The invention of computed tomography is considered to be the greatest innovation in the field of radiology since the discovery of x-rays. This cross-sectional imaging technique provided diagnostic radiology with better insight into the pathogenesis of the body, thereby increasing the chances of recovery. In 1979, GN Hounsfield and AM Cormack were awarded the Nobel Prize in medicine for the invention of CT.

CT is now one of the most important methods of radiological diagnosis. It delivers non-superimposed, cross-sectional images of the body, which can show smaller contrast differences than conventional x-ray images. This allows better visualisation of specific differently structured soft-tissue regions, for example, which could otherwise not be visualised satisfactorily.

Since the introduction of spiral, or volume CT, in the 1990s, computed tomography has seen a constant succession of innovations. The development of slipring technology allowed for a continuously rotating gantry – the prerequisite for spiral CT.

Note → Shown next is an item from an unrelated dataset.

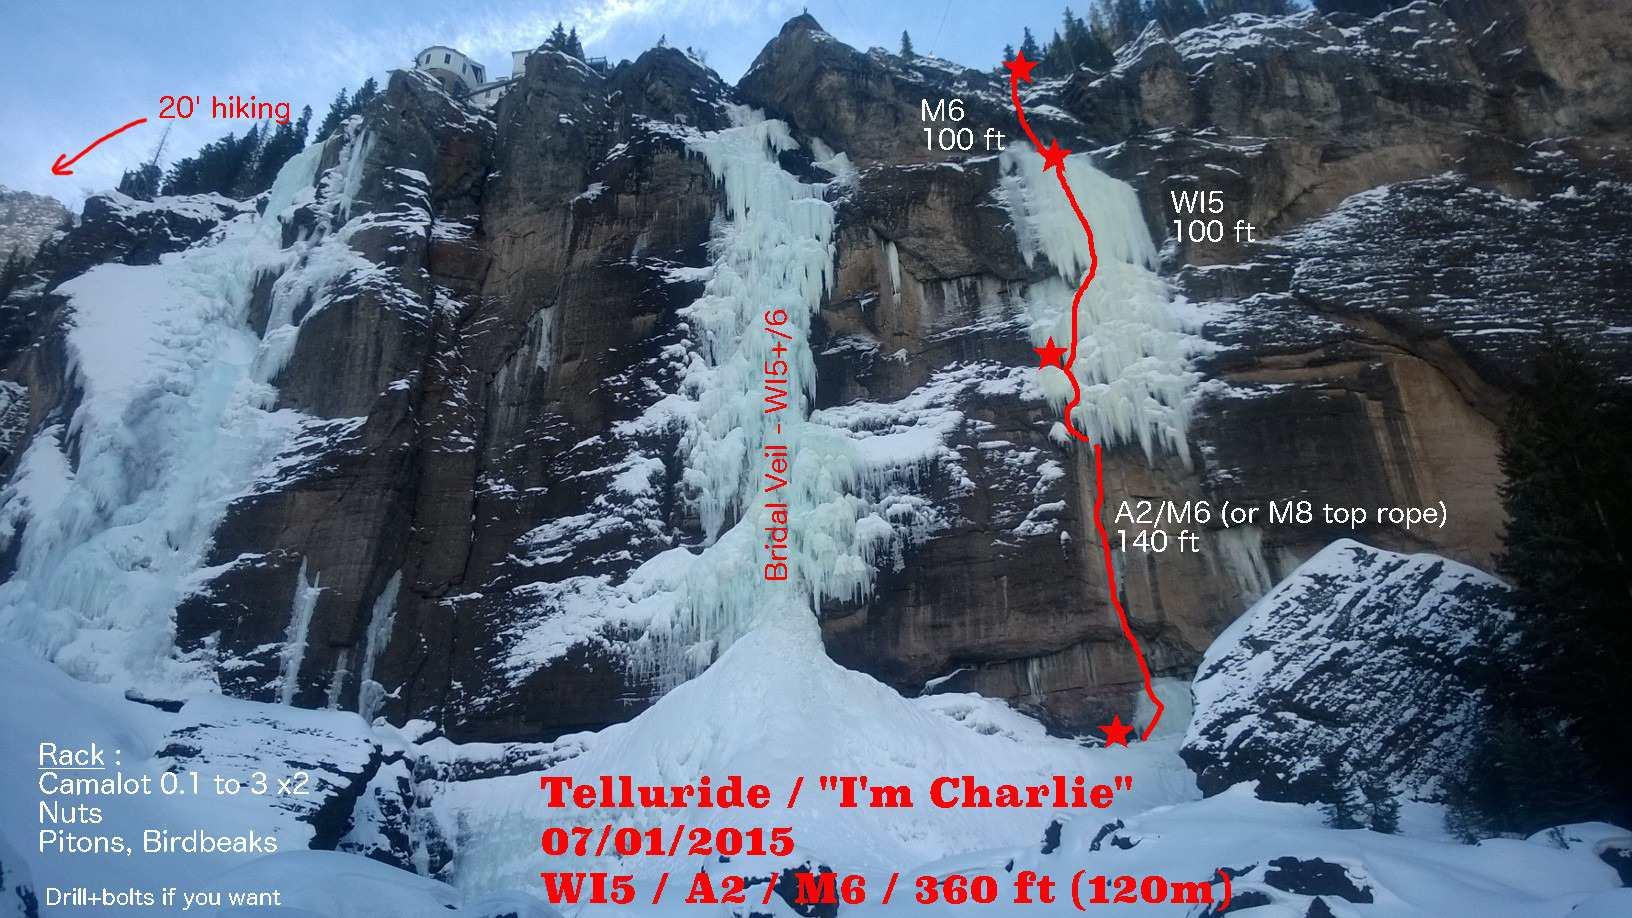 Climbing Colorado Ice, French Style

The first multi-slice CT scanners were in operation by the early 1990s. The original Elscint-Twin scanner, introduced in 1994, allowed acquisition of two images simultaneously through a dual detector array. The four slice scanner was introduced in 1998. With the introduction of the 16-slice scanner, taking a scan of the heart, for example, would take 20 to 25 seconds to collect all the data. However, these images were still subject to motion artifacts, reducing their diagnostic clarity, due to the patient having to breathe during the scan period. But with the introduction of the 64-slice scanner nearly all patients can be scanned with very high resolution in just a few seconds. Scan times are generally between only five and thirteen seconds. This means that even patients with severe pulmonary disease and congestive heart failure can hold their breath for the length of the scan period which results in minimal or no motion artifacts in the image.

The multi-detector scanners can be packed less than a millimeter apart and take less than half a second to circle the body. So, a 16-slice scanner can cover 8mm to 12mm in one pass or about 2.5 centimetres a second. A 40-slice scanner collects images covering 20mm to 32mm in a single pass and a tightly packed 64-slice device can cover about 40mm at a pass, which takes 0.4 seconds.

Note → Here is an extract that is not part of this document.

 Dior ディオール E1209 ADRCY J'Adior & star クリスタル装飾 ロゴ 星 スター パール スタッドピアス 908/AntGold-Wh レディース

At that rate, a 64-slice scanner can gather a high resolution image of a heart, brain or a pair of lungs in about five seconds. A scan of the whole body, (in search of a blood clot, for example, that has become a source of emboli) takes about 30 seconds.

The beating heart

The technology has been particularly exciting for studying the beating heart, providing the first clear non-invasive images of the heart and its major vessels. The scans can be timed to use only images gathered between contractions, so that the heart and its vessels can be seen without the blurring caused by motion.

The scanners are also beginning to have an impact on cancer diagnosis and treatment. Nearly 60% of CT scans at the University of Chicago Hospitals in the United States are done for cancer. The hospital was the first in the US to install Philips’ Brilliance 64-slice CT scanner earlier this year. The speed and precision of these new scanners not only improves the image quality, but also "lets us look at dynamic processes", Michael Vannier, MD, professor of radiology at the University of Chicago said.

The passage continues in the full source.